The judgment of acquittal is REVERSED. In all other respects, the judgment of the district court is AFFIRMED and, except for part V and the relevant portion of part VI thereof, the panel opinion is reinstated. This matter is REMANDED to the district court for appropriate further proceedings consistent herewith. Herman v. United States, 289 F.2d 362 (5th Cir.), cert. denied, 368 U.S. 897, 82 S. Ct. 174, 7 L. Ed. 2d 93 (1961), and United States v. Sheikh, 654 F.2d 1057 (5th Cir. Unit A Sept.1981), cert. denied, 455 U.S. 991, 102 S. Ct. 1617, 71 L. Ed. 2d 852 (1982), and their progeny are hereby OVERRULED.

 1

See, e.g., United States v. Tarpley, 945 F.2d 806, 810 & n. 3 (5th Cir. 1991); United States v.

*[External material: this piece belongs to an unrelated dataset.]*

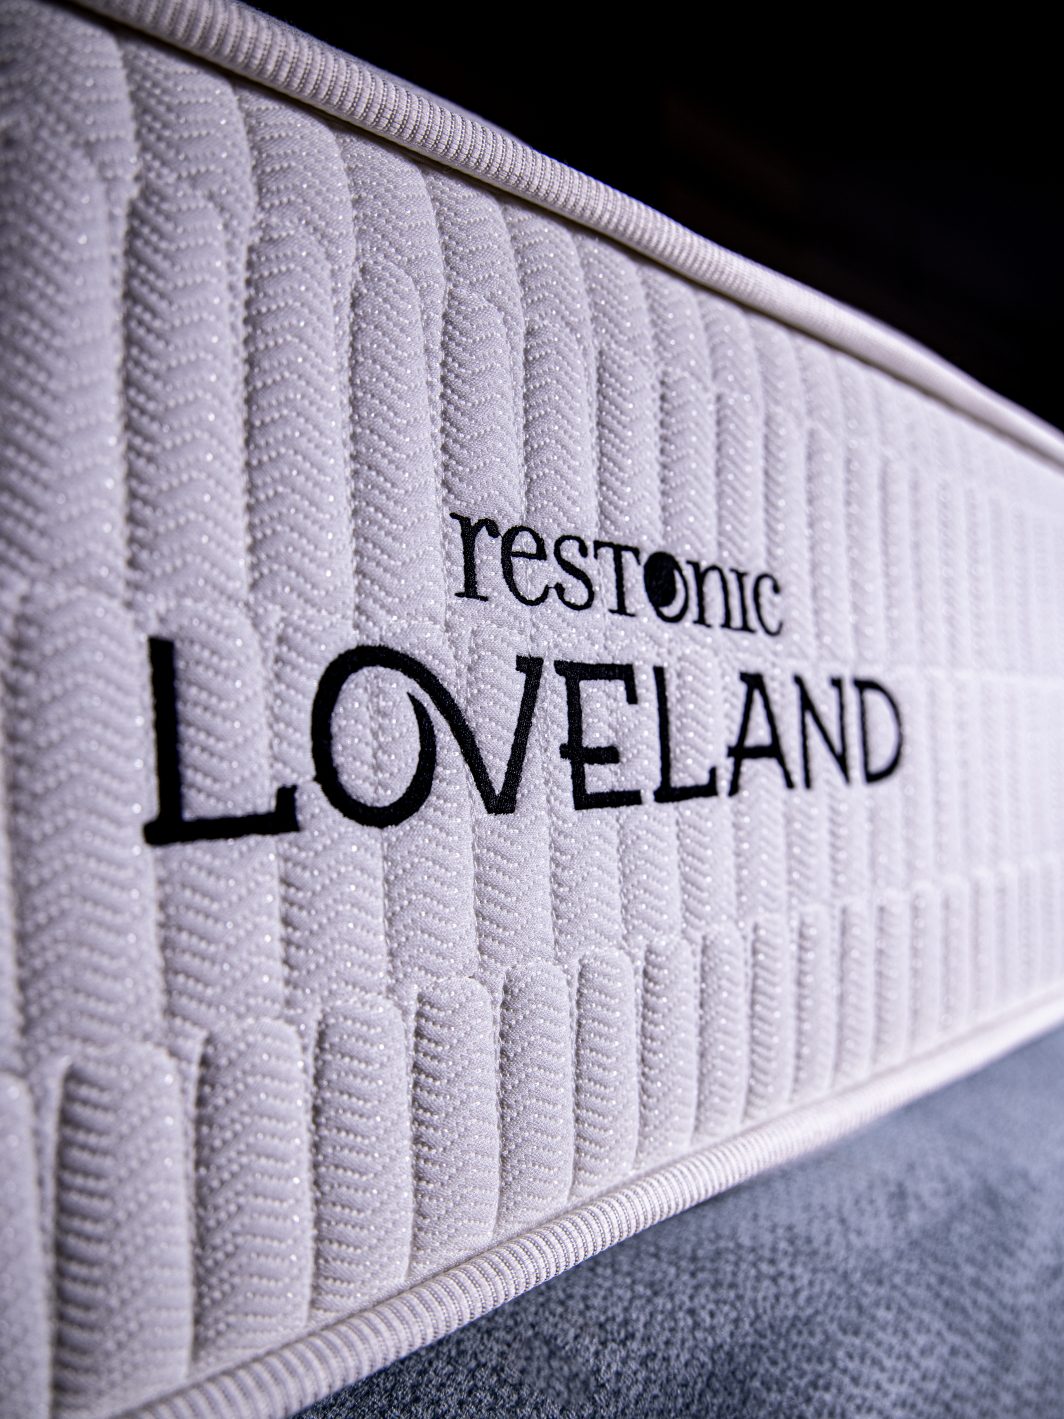 Best Loveland mattress in dubai
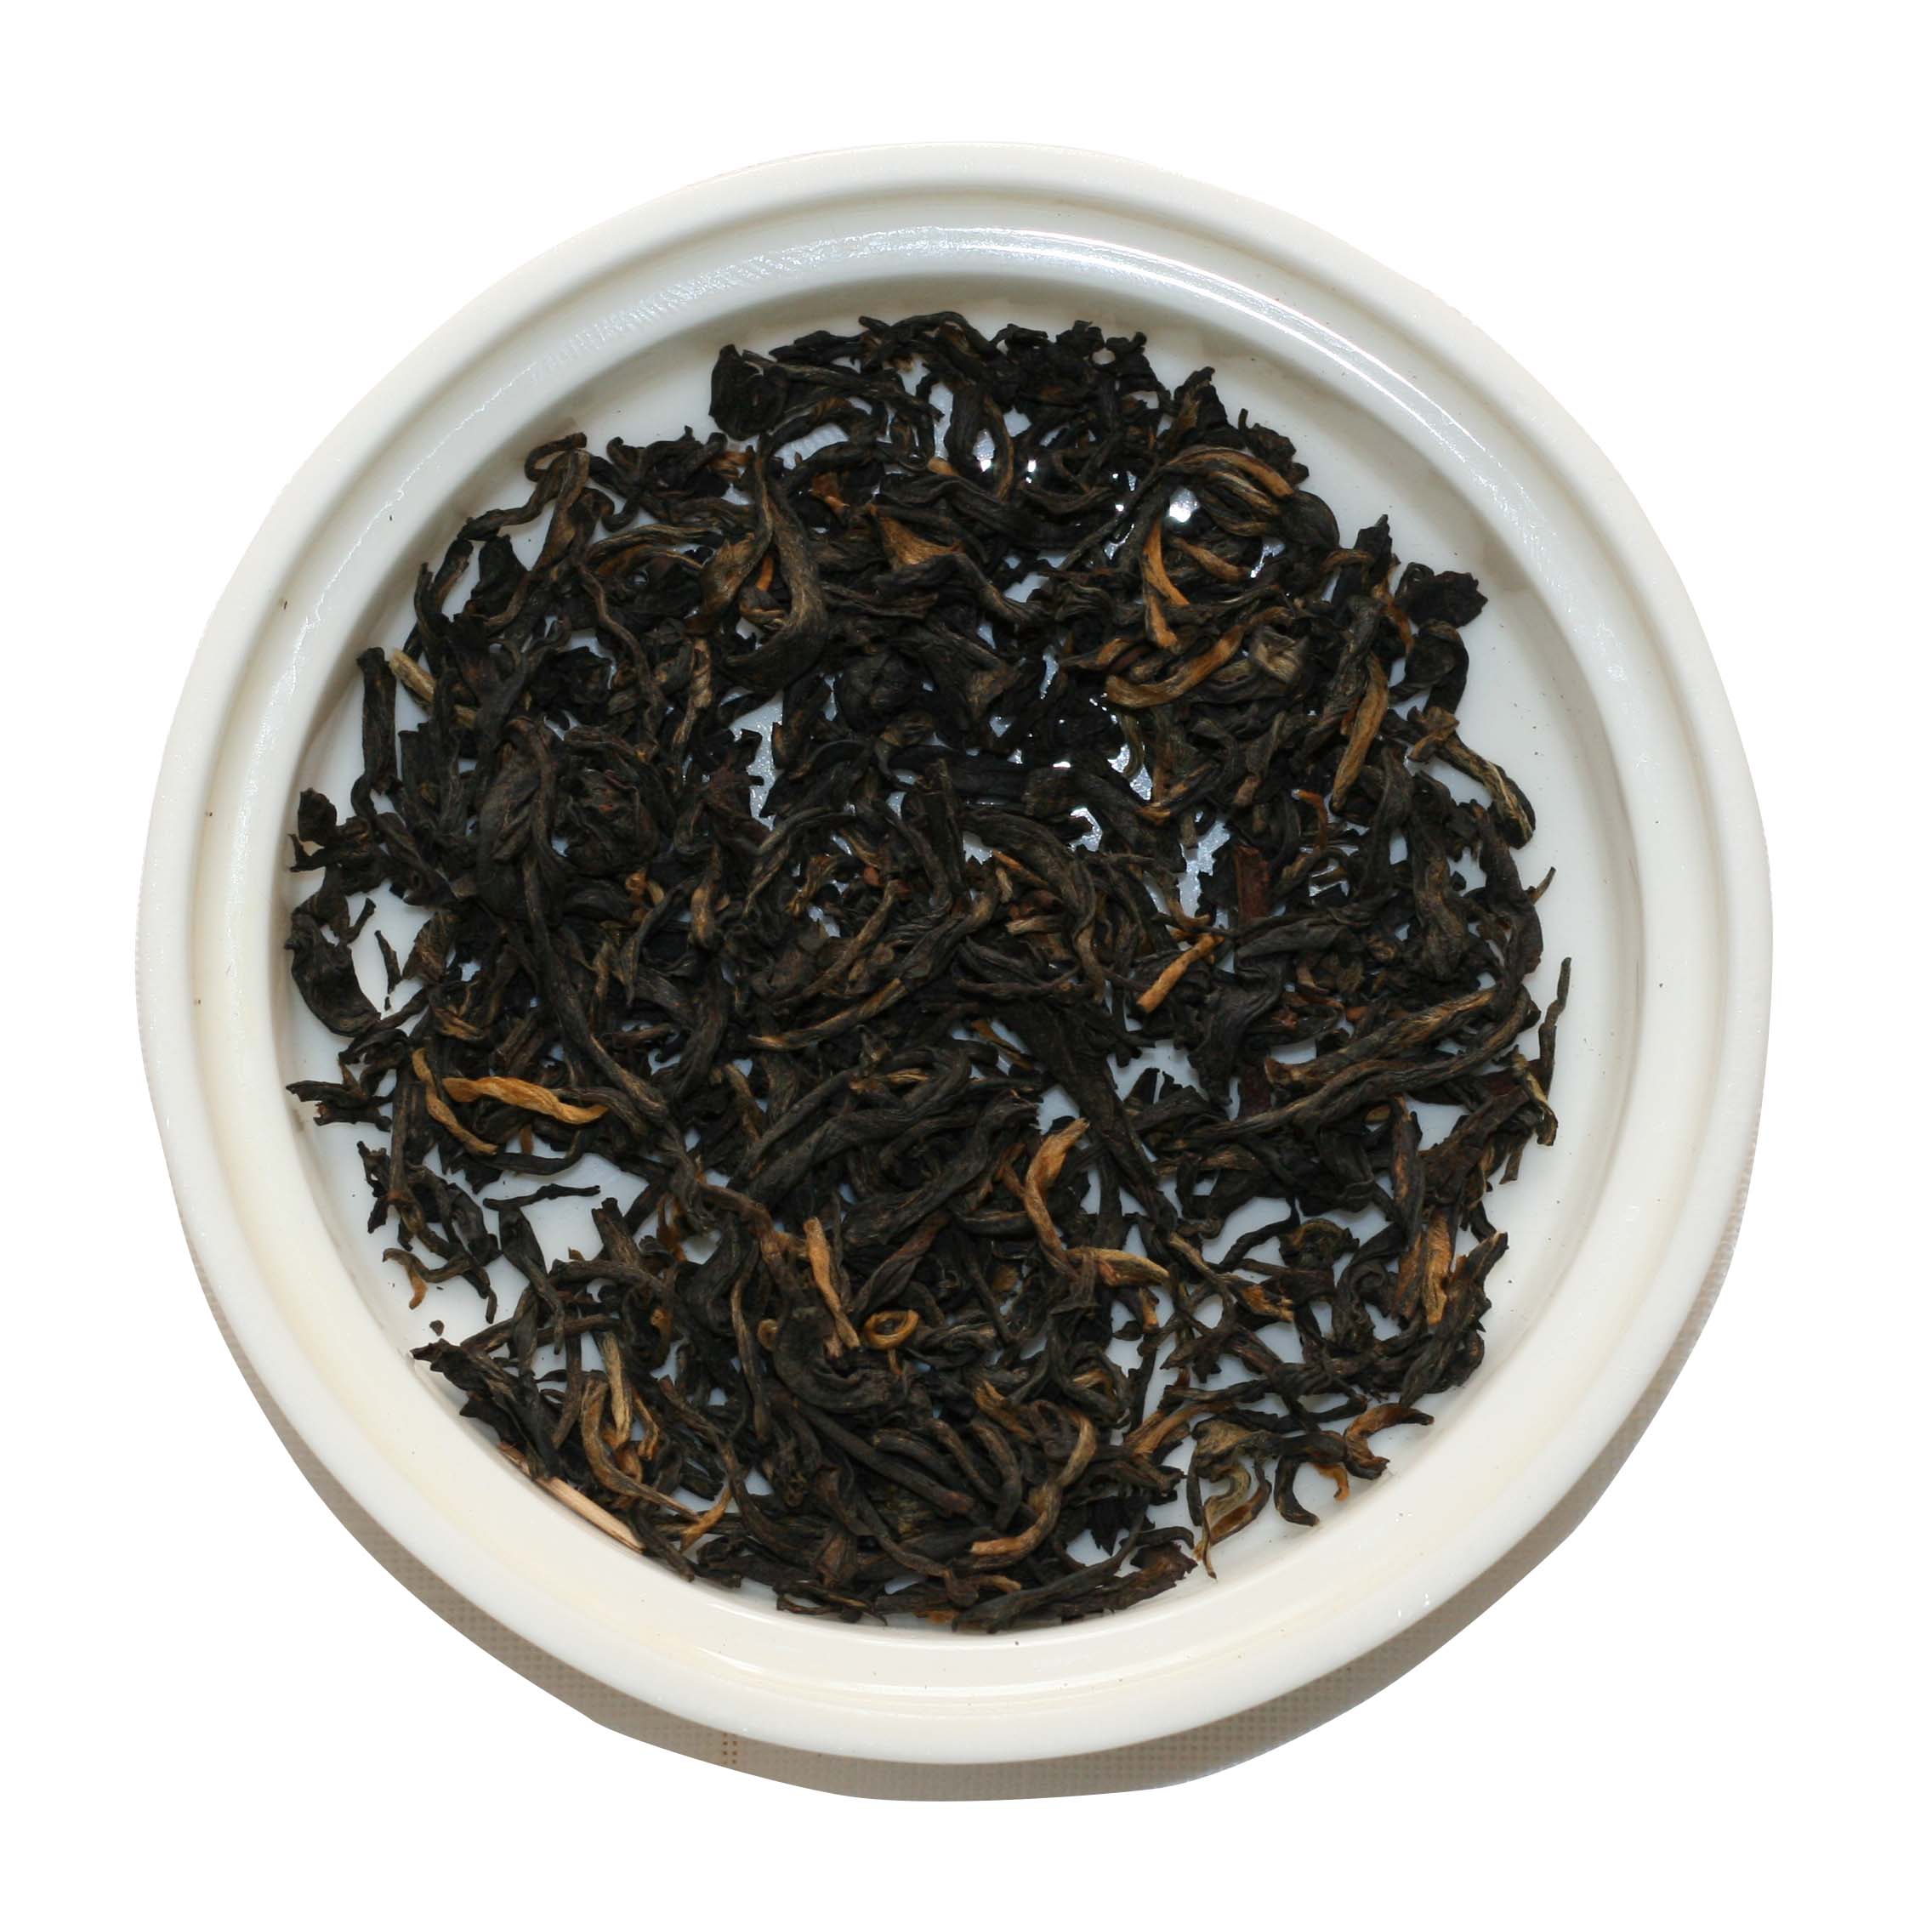 Дянь Хун "В" (40-50% чайных почек )

Villasenor, 894 F.2d 1422, 1428 n. 6 (5th Cir. 1990); Albert, 675 F.2d at 713; United States v. Espinoza-Cerpa, 630 F.2d 328, 330 (5th Cir. 1980); United States v. Musgrave, 483 F.2d 327, 333 (5th Cir.), cert. denied, 414 U.S. 1023, 94 S. Ct. 447, 38 L. Ed. 2d 315 (1973)

 2

The Fourth Circuit has treated Powell similarly. See United States v. Thomas, 900 F.2d 37, 40 (4th Cir. 1990). Other circuits have reached a like conclusion in dicta. See United States v. Velasquez, 885 F.2d 1076, 1091 n. 13 (3d Cir. 1989), cert. denied, 494 U.S. 1017, 110 S. Ct. 1321, 108 L. Ed. 2d 497 (1990); United States v. Garcia, 882 F.2d 699, 704-05 (2d Cir.), cert. denied, 493 U.S. 943, 110 S. Ct. 348, 107 L. Ed. 2d 336 (1989); United States v. Mancari, 875 F.2d 103, 104-07 (7th Cir. 1989); United States v. Dakins, 872 F.2d 1061, 1065-66 (D.C. Cir.), cert. denied, 493 U.S. 966, 110 S. Ct. 410, 107 L. Ed. 2d 375 (1989); Government of V.I. v. Hoheb, 777 F.2d 138, 142-43 (3d Cir. 1985) (Garth, J., concurring)

 3

In his supplemental brief on rehearing en banc, Zuniga-Salinas does not argue that the Herman line of cases should not be overruled. Instead, he asserts now, for the first time, that this case does not present the inconsistent-verdict problem at all. The reason given is that Zuniga-Salinas was charged with conspiring with Olvera-Garcia and "persons unknown" and that, as the jury acquitted Olvera-Garcia, it must have found that Zuniga-Salinas conspired with the unnamed persons, a verdict not inconsistent with the acquittal of Olvera-Garcia. Zuniga-Salinas then reasons that, as the district court and the government now agree that there was insufficient evidence of a conspiracy with such unknown persons, his conviction must be reversed

We disagree with Zuniga-Salinas's claim that the inconsistent-verdict issue is not implicated here. There was, in fact, no evidence of involvement by "persons unknown." Thus, by any measure, there is insufficient evidence from which a jury could conclude that Zuniga-Salinas conspired with such persons. Although Olvera-Garcia was acquitted, there was evidence from which a jury reasonably could have found, beyond a reasonable doubt, that Olvera-Garcia conspired with Zuniga-Salinas. Accordingly, the verdict is inconsistent as to the only co-conspirator as to whom there was sufficient evidence of conspiracy. If the evidence is insufficient as to any and all co-conspirators (named and unnamed), there is, by definition, insufficient proof of conspiracy.